Re: problems getting stderr and stdout from process object
On Mon, 28 Sep 2009, Daniel Pitts wrote:
Peter Duniho wrote:
On Thu, 24 Sep 2009 11:52:19 -0700, Daniel Pitts
Actually, what may be happening is that the process itself isn't finishing
because it is blocking on something else altogether. It is also possible
that the stderr buffer is full, so the process blocks until *it*
In general, you will need to read the stdout and stderr from separate
threads. This is a flaw in the API in my opinion.
I'm curious: how would you fix it?
You cannot buffer the output for either stdout or stderr indefinitely. It
would not even be practical or robust to buffer until a memory allocation
simply fails. So the question becomes, what to do when the buffer becomes
filled? You have two obvious choices: discard data, or block output until
room is made.
Do you see some other practical alternative?
The problem I have isn't with the blocking-on-buffer-fill behavior, but with
the fact that you *must* have two threads running to use this API
I can think of three alternatives off the top of my head:
1. Don't use two InputStream instances, but instead use a new kind of IO
class designed to handle interleaved data. It would allow better correlation
between events in each "stream", and it would allow you to read the streams
in the current thread, without spawning a new one.
Does available() work on the stdout from a child process? If so, i think
you could implement single-thread interleaved (or at least interleaveish)
IO on top of the current API.
2. Offer some sort of "select()" based waiting for the streams. This allows
one thread to handle multiple streams.
This would be really useful.
3. 1 and 2 combined.
What would also be useful would be a way to redirect the child's input or
output from or to a file (or /dev/null or its equivalent). You could then
run a process, feed it input, wait for it to finish, then read the output
file. Only one thread needed, and no IO weirdness.
It would be important for the select() to also support "OutputStream"
readiness, because you could otherwise end up with a deadlock (the
process is supposed to receive more input, but the output buffer is
full, so the whole thing might block)
As far as those two choices go, I'm quite pleased that the design choice
made was to block output, rather than to discard data.
I suppose that now, with NIO (which came well after Process), the API could
provide a SelectableChannel implementation, allowing a single thread to
process more than one stream.

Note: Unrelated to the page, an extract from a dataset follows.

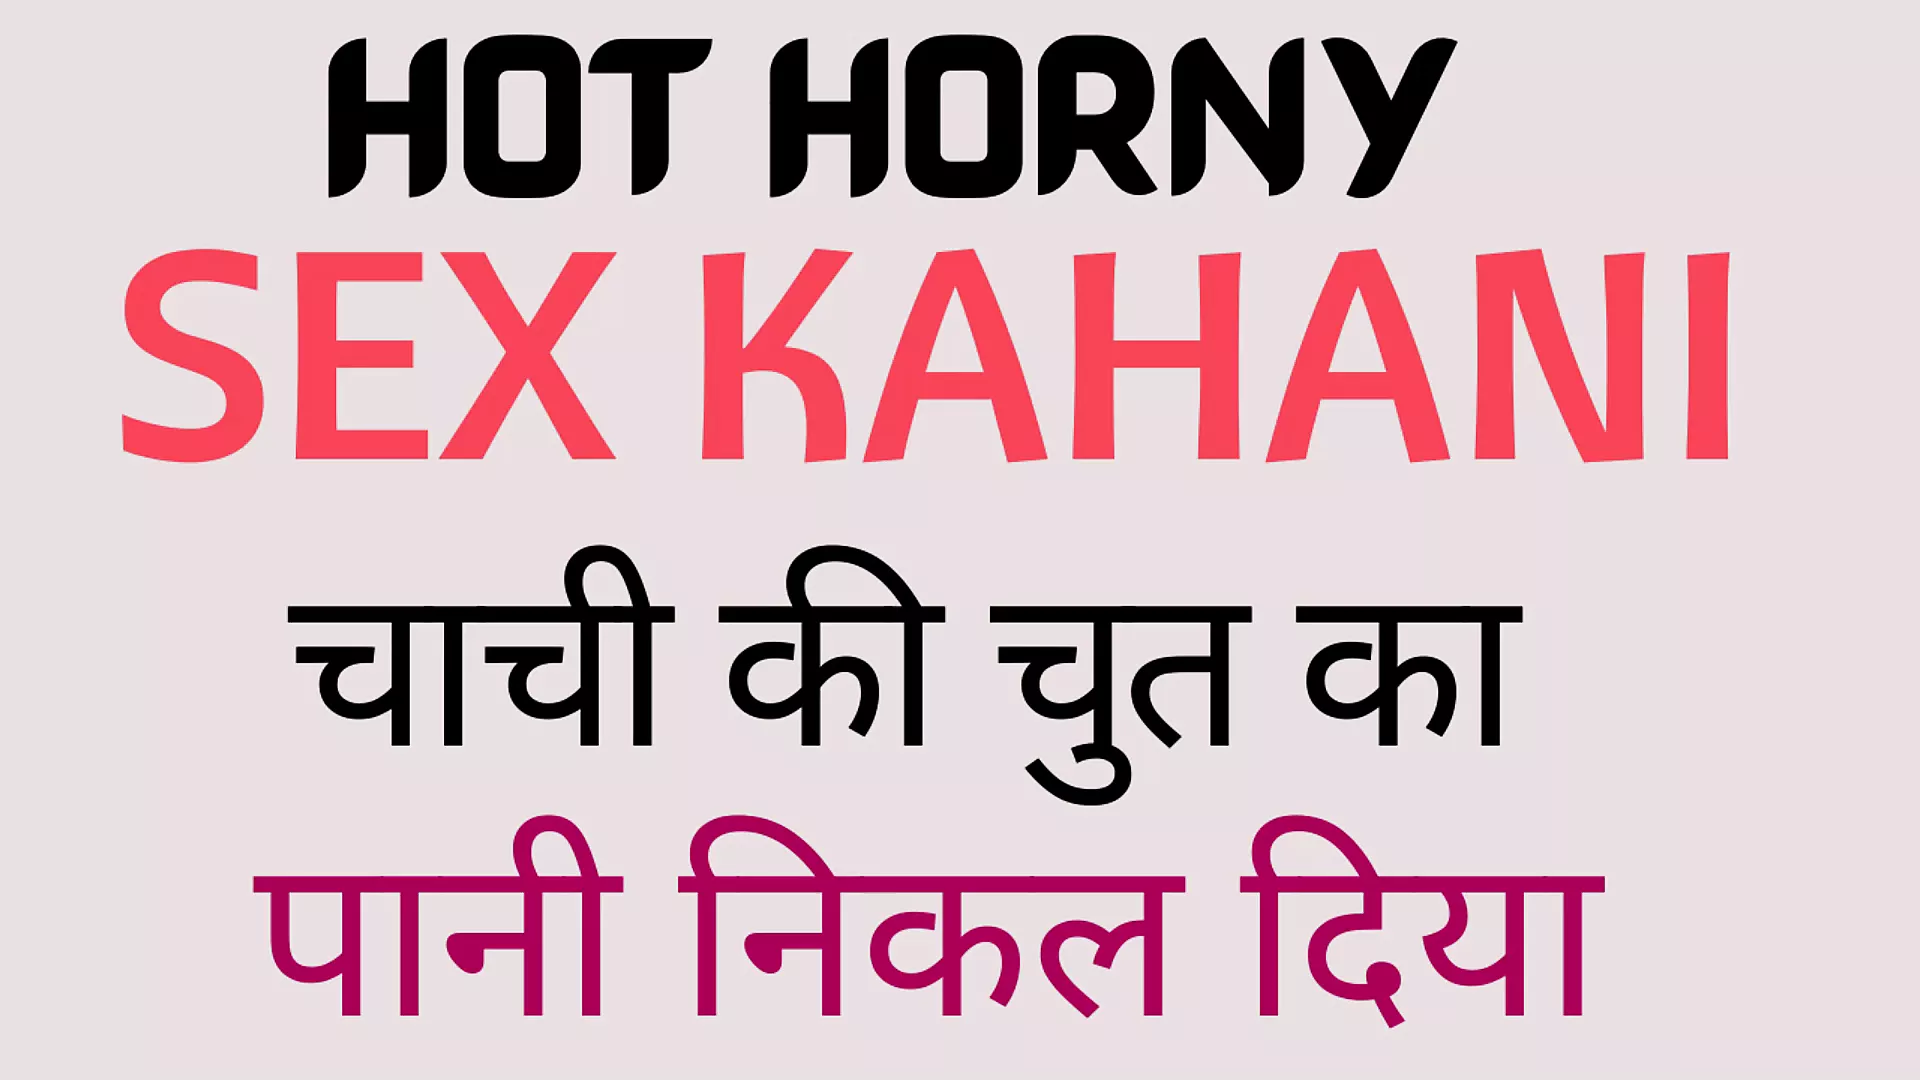 Hot Horny Sex Kahani Sex Story Chachi Ki Chut ka pani - XXXi.PORN Video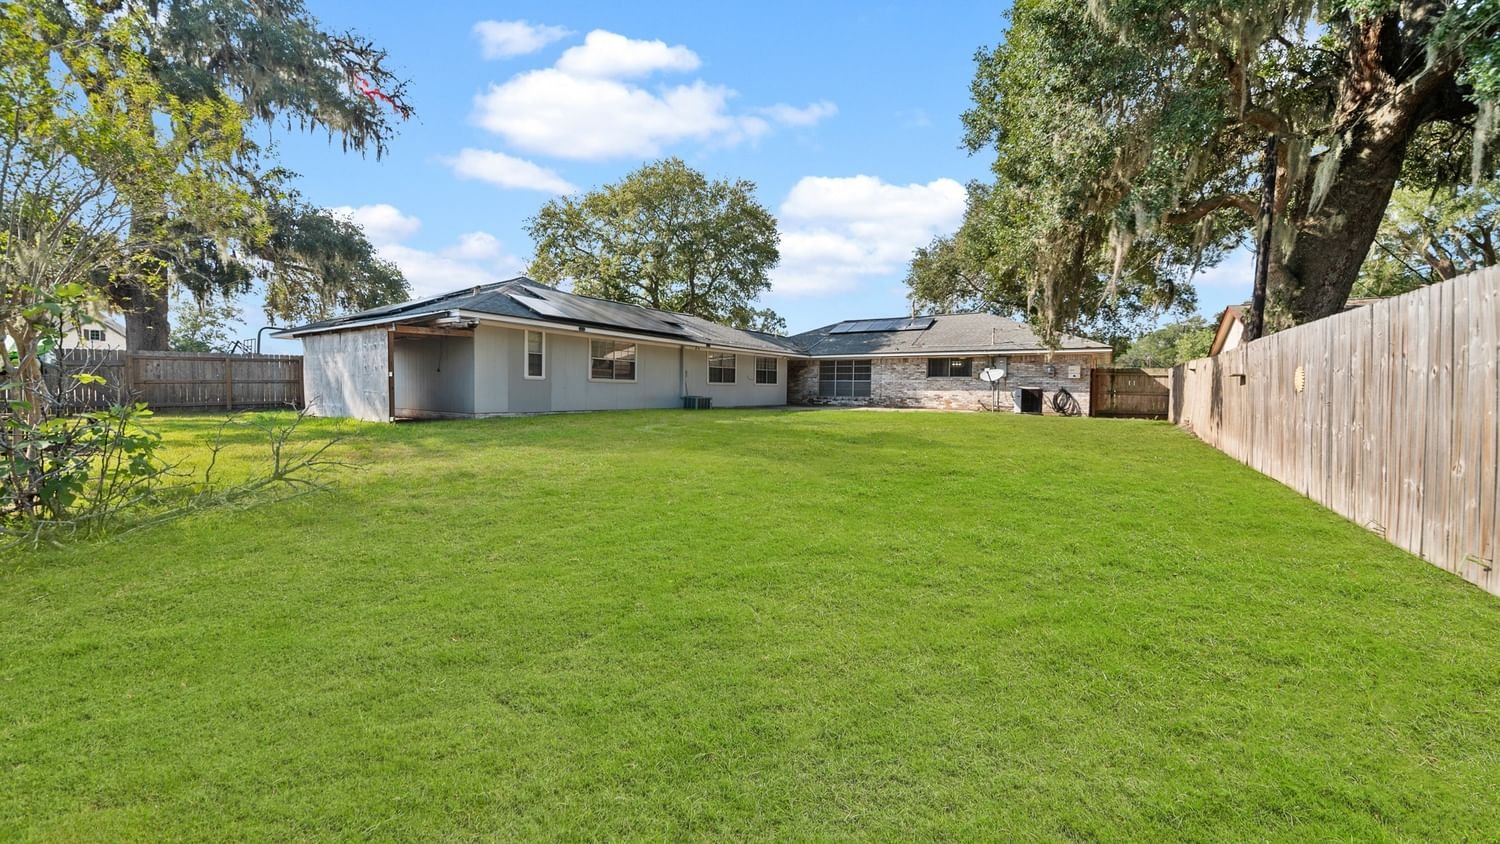 Real estate property located at 419 Petunia, Brazoria, Lake Jackson, TX, US

But, the main motivation for that NIO
feature is to avoid the creation of thousands of threads when you have that
many streams to deal with; a process is only going to have at most these
two output streams, so all the work to implement a SelectableChannel just
to avoid the creation of one extra thread seems like overkill to me.
Creating one thread is more than just run-time overhead. There is a
development cost with multi-threading. You are more prone to deadlocks,
synchronization problems, and much more, when you create a new Thread.
Yes, those problems can be avoided, but its *much* more to think about.
If all your thread is doing is pumping data into the child process, there
is nothing more to think about. The above paragraph looks mostly like FUD
to me - no offence, i just think this is a manifestation of the
superstitious fear of threads that is commonplace in the java world.
If a scientist were to cut his ear off, no one would take it as evidence
of heightened sensibility -- Peter Medawar